* [YOUR TASK]:
Going from the top of the listing below to the line that holds "Canon® SELPHY™ CP1300", reproduce each line exactly; no pictures.

* [SUPPLIED DATA]:
↓↓↓

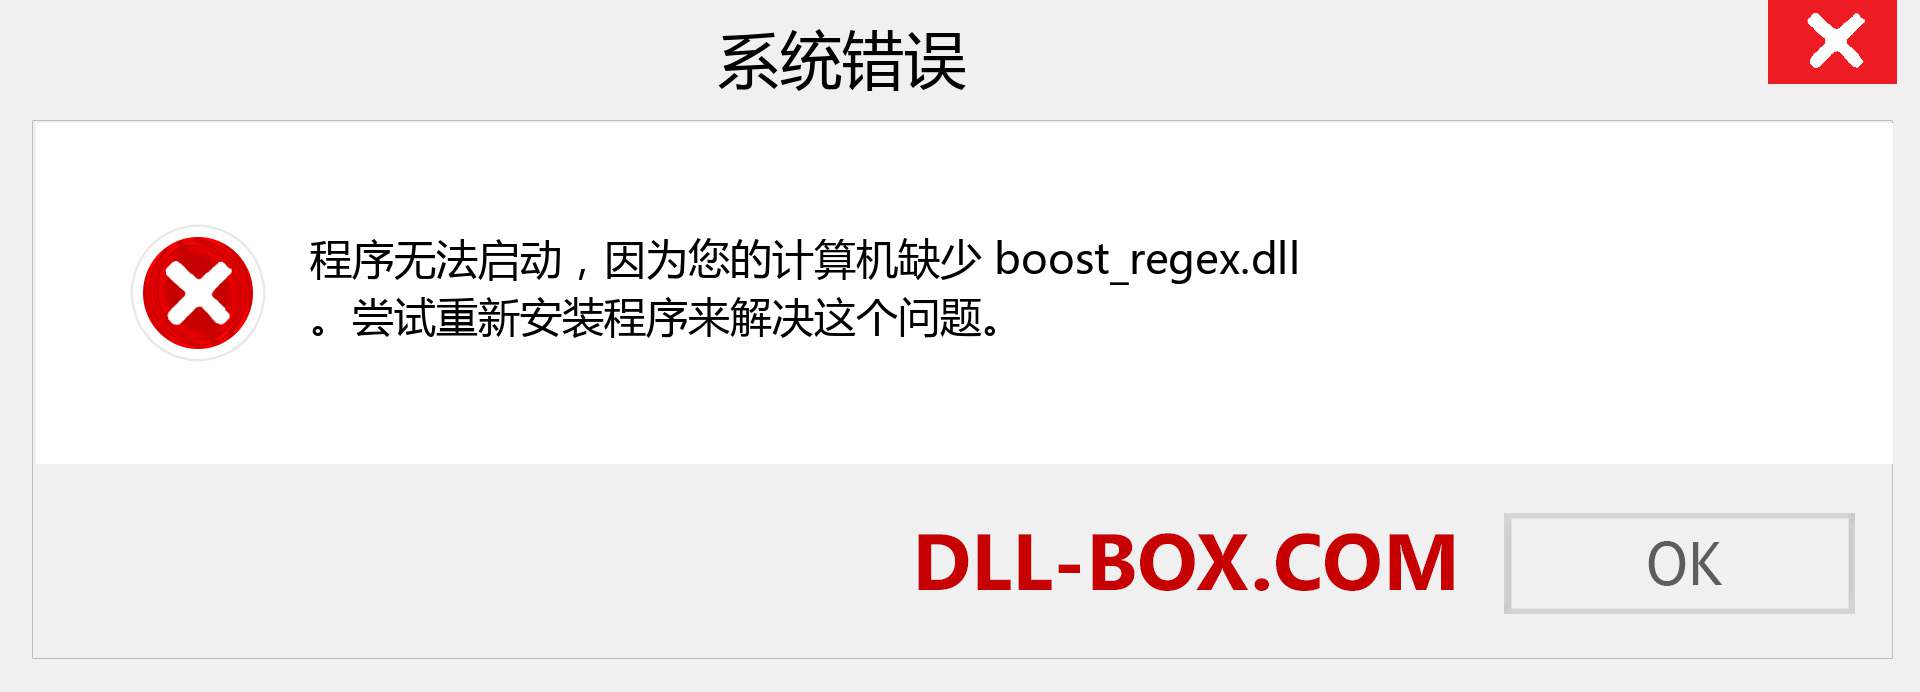 boost_regex.dll 文件丢失？。 适用于 Windows 7、8、10 的下载 - 修复 Windows、照片、图像上的 boost_regex dll 丢失错误
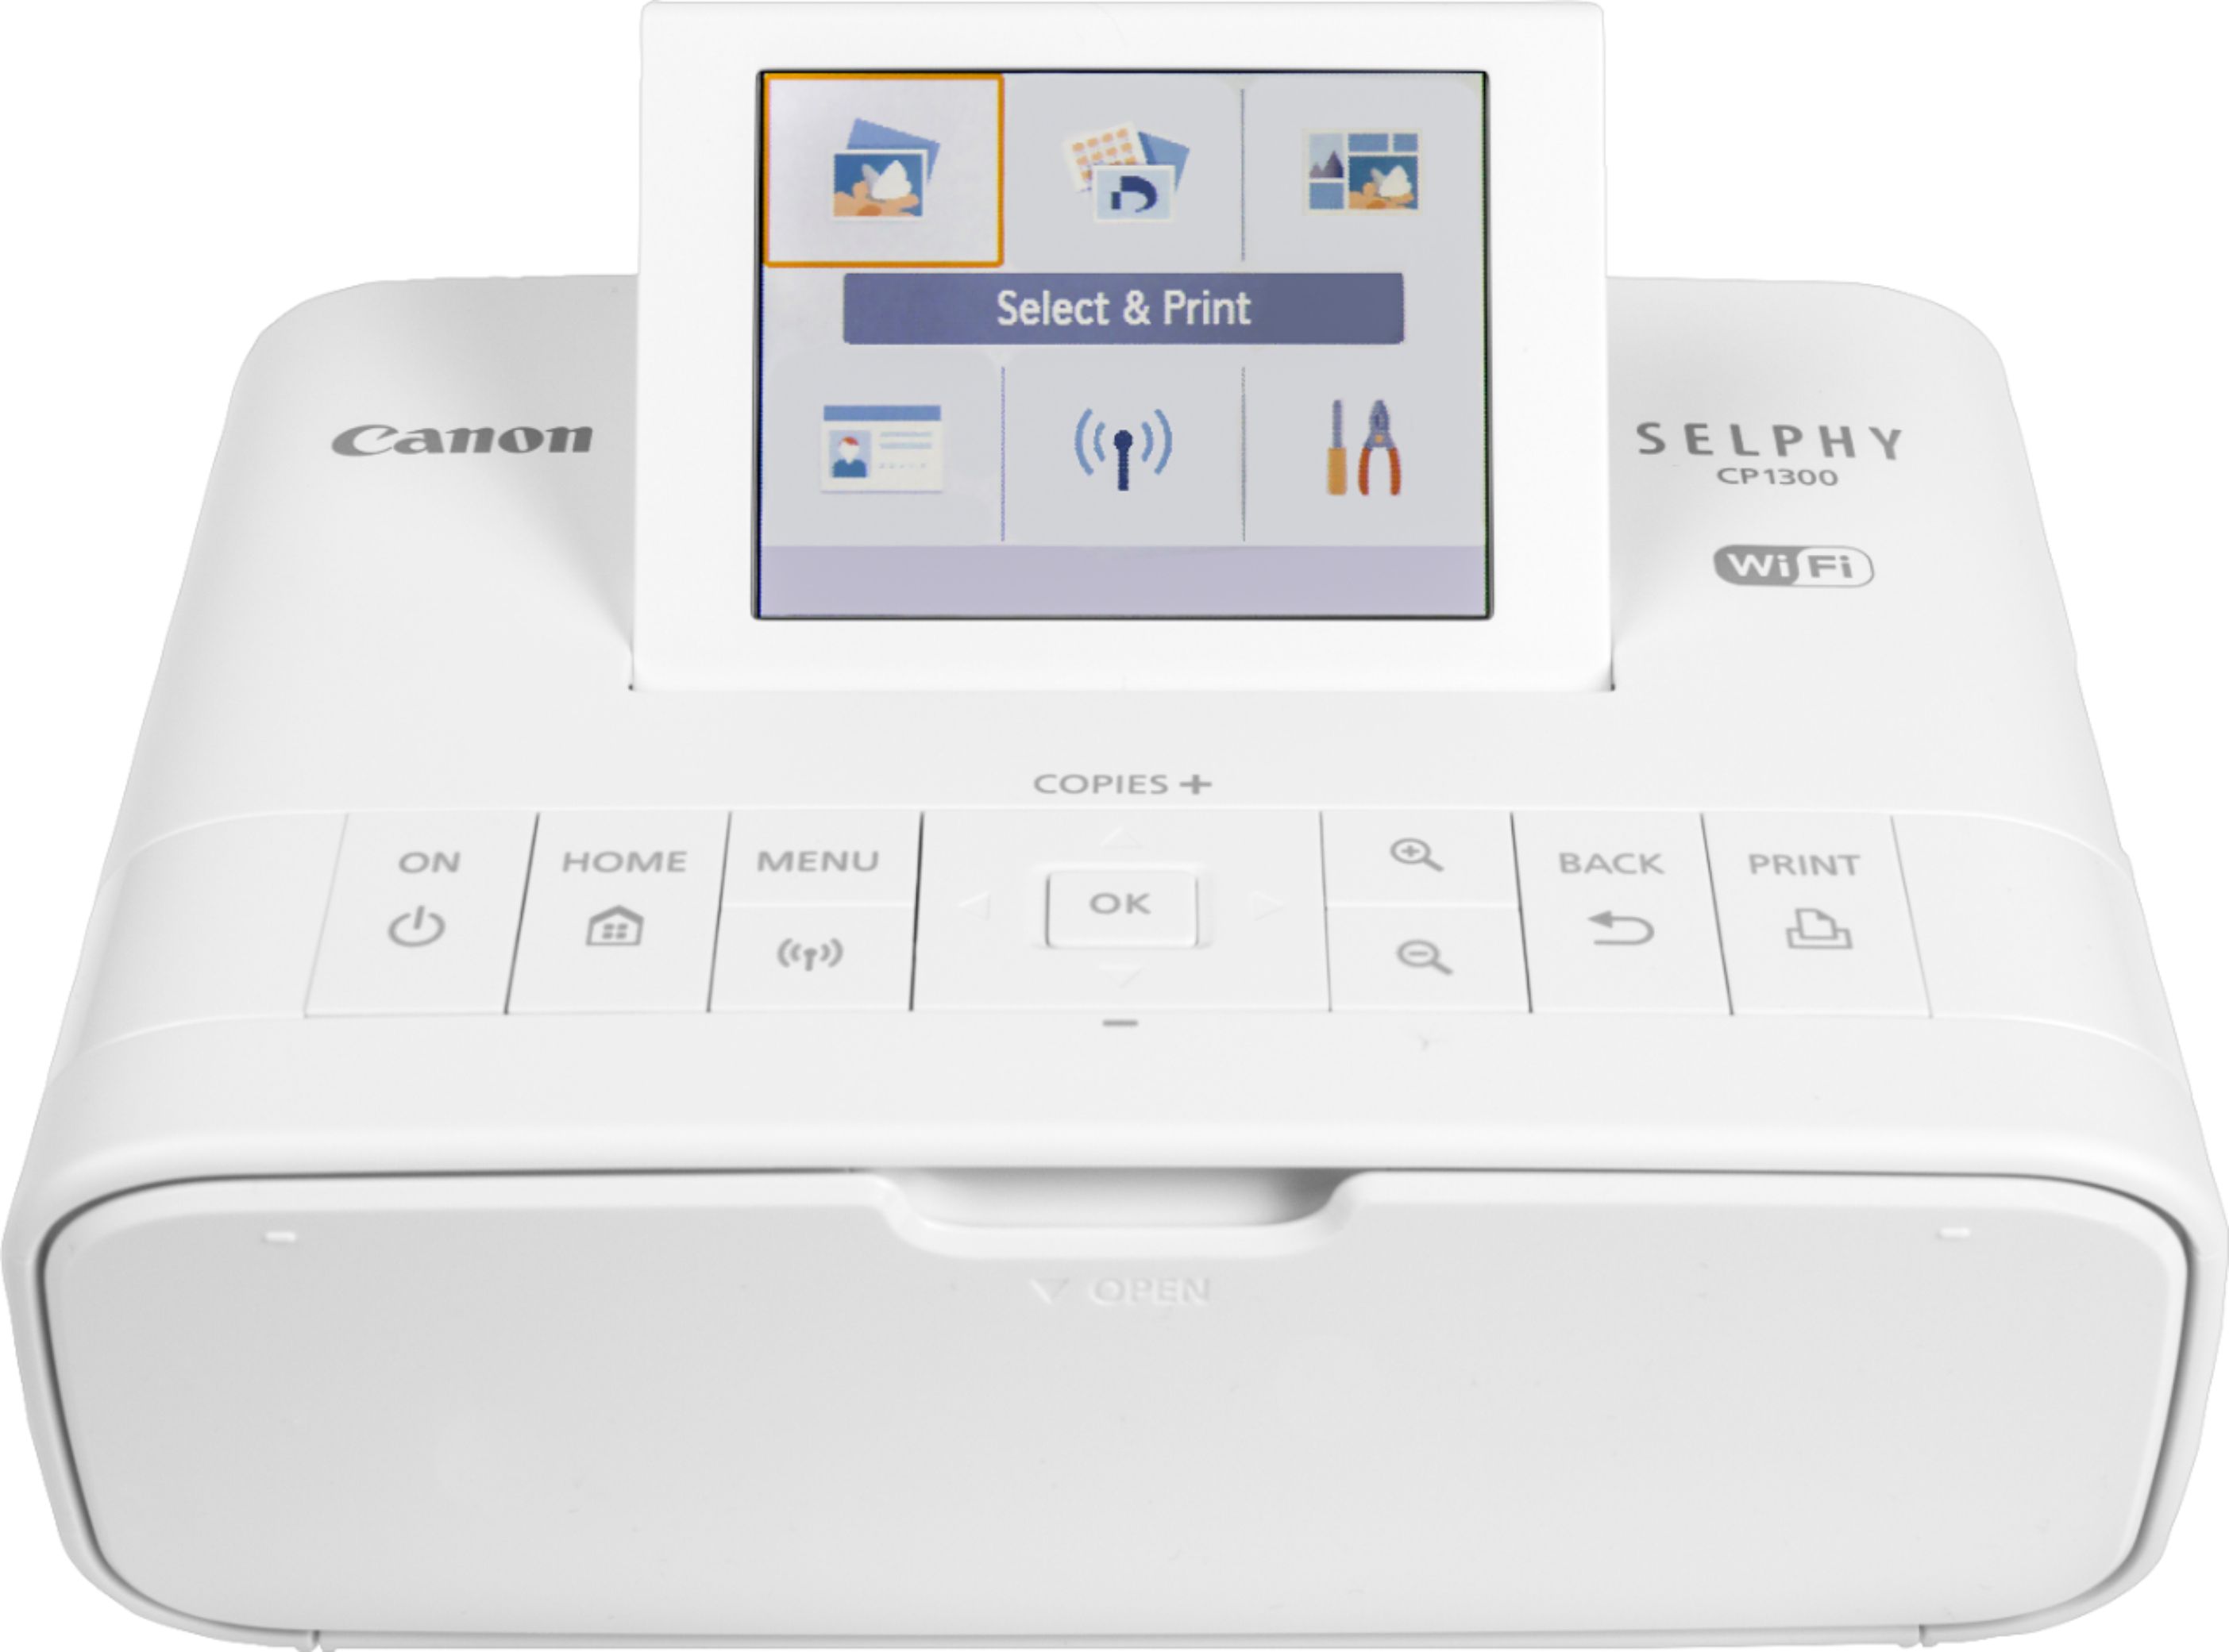  Canon® SELPHY™ CP1300 - Impresora fotográfica compacta
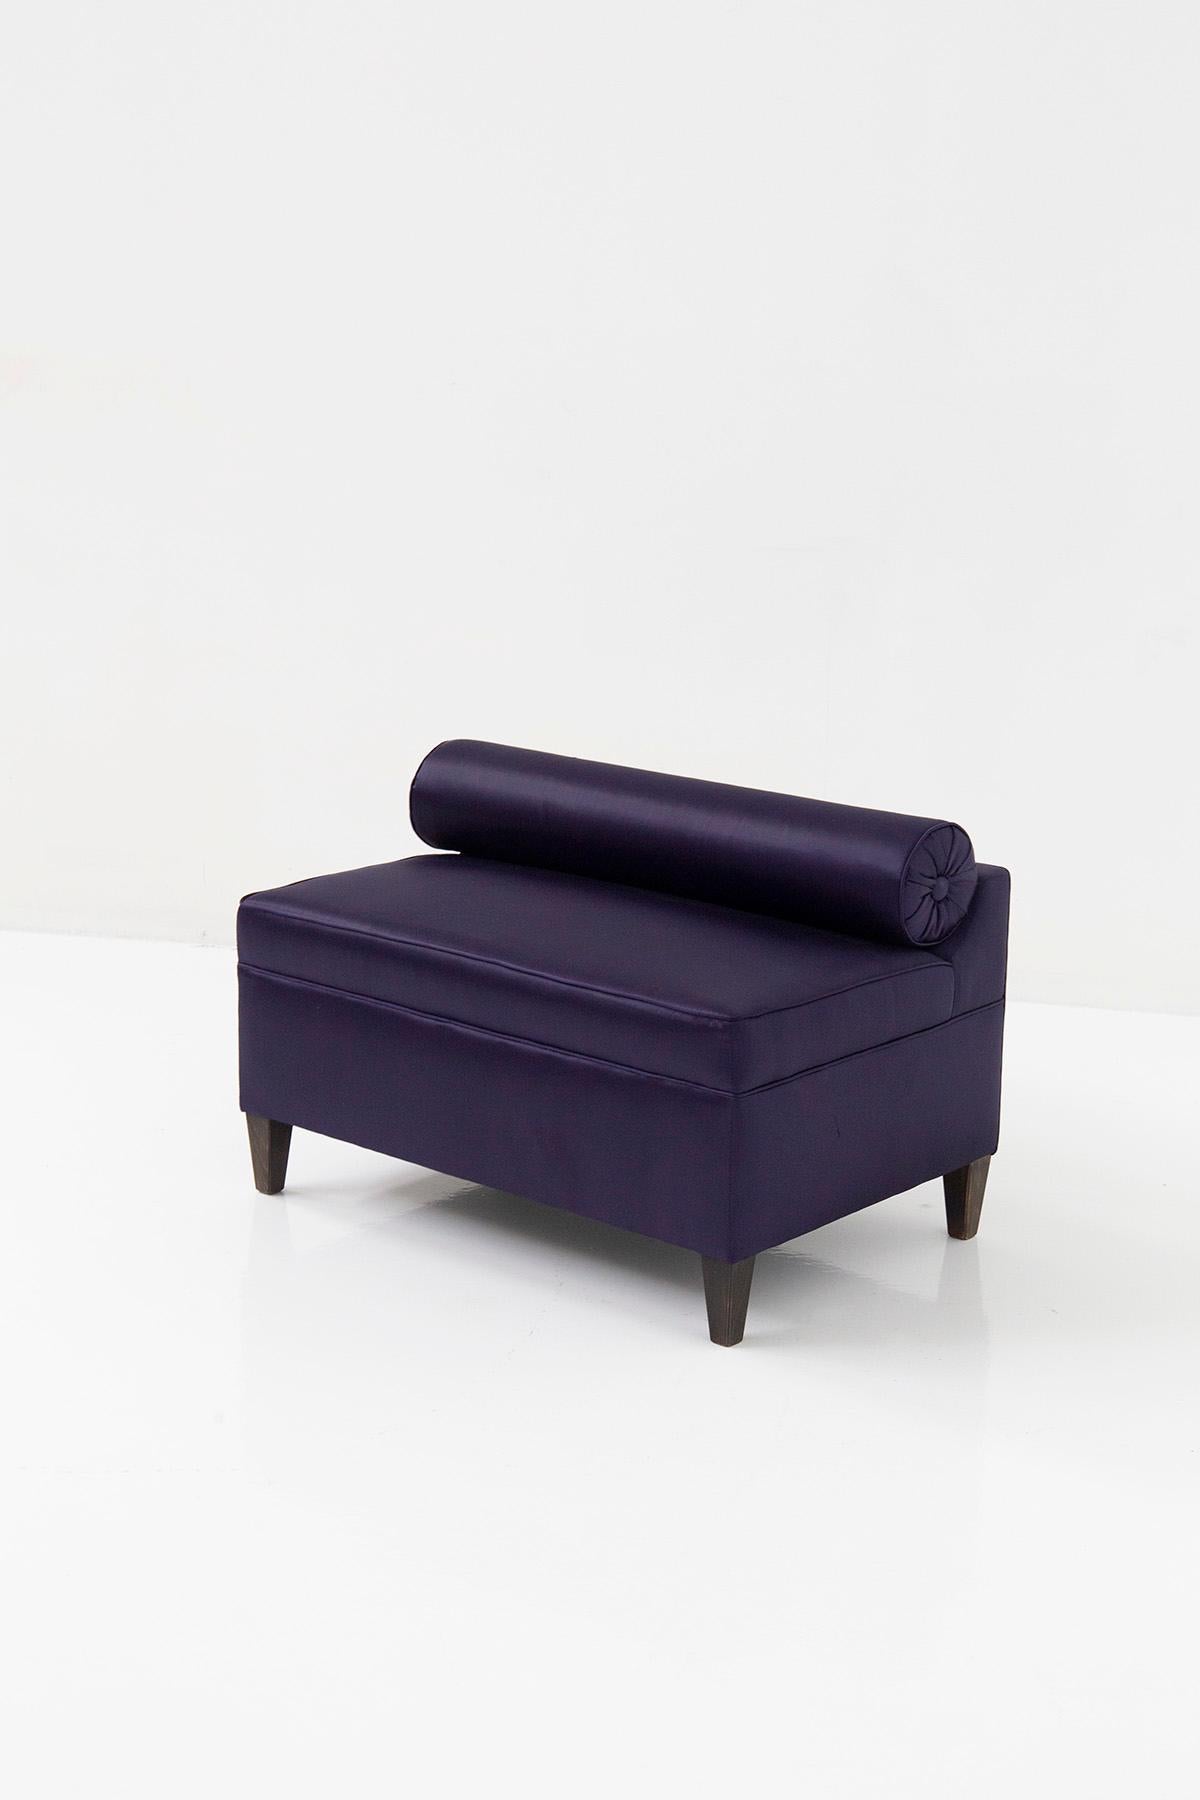 Voici un élégant banc ou canapé italien du XXe siècle, entièrement réalisé en tissu satiné violet. Cette pièce exquise respire l'élégance et est idéale pour meubler des salons excentriques avec un style classique et glamour. En ajoutant ce canapé à

↑↑↑

* [SOLVED PROBLEM]:
 boost_regex.dll 文件丢失？。 适用于 Windows 7、8、10 的下载 - 修复 Windows、照片、图像上的 boost_regex dll 丢失错误
  Canon® SELPHY™ CP1300 - Impresora fotográfica compacta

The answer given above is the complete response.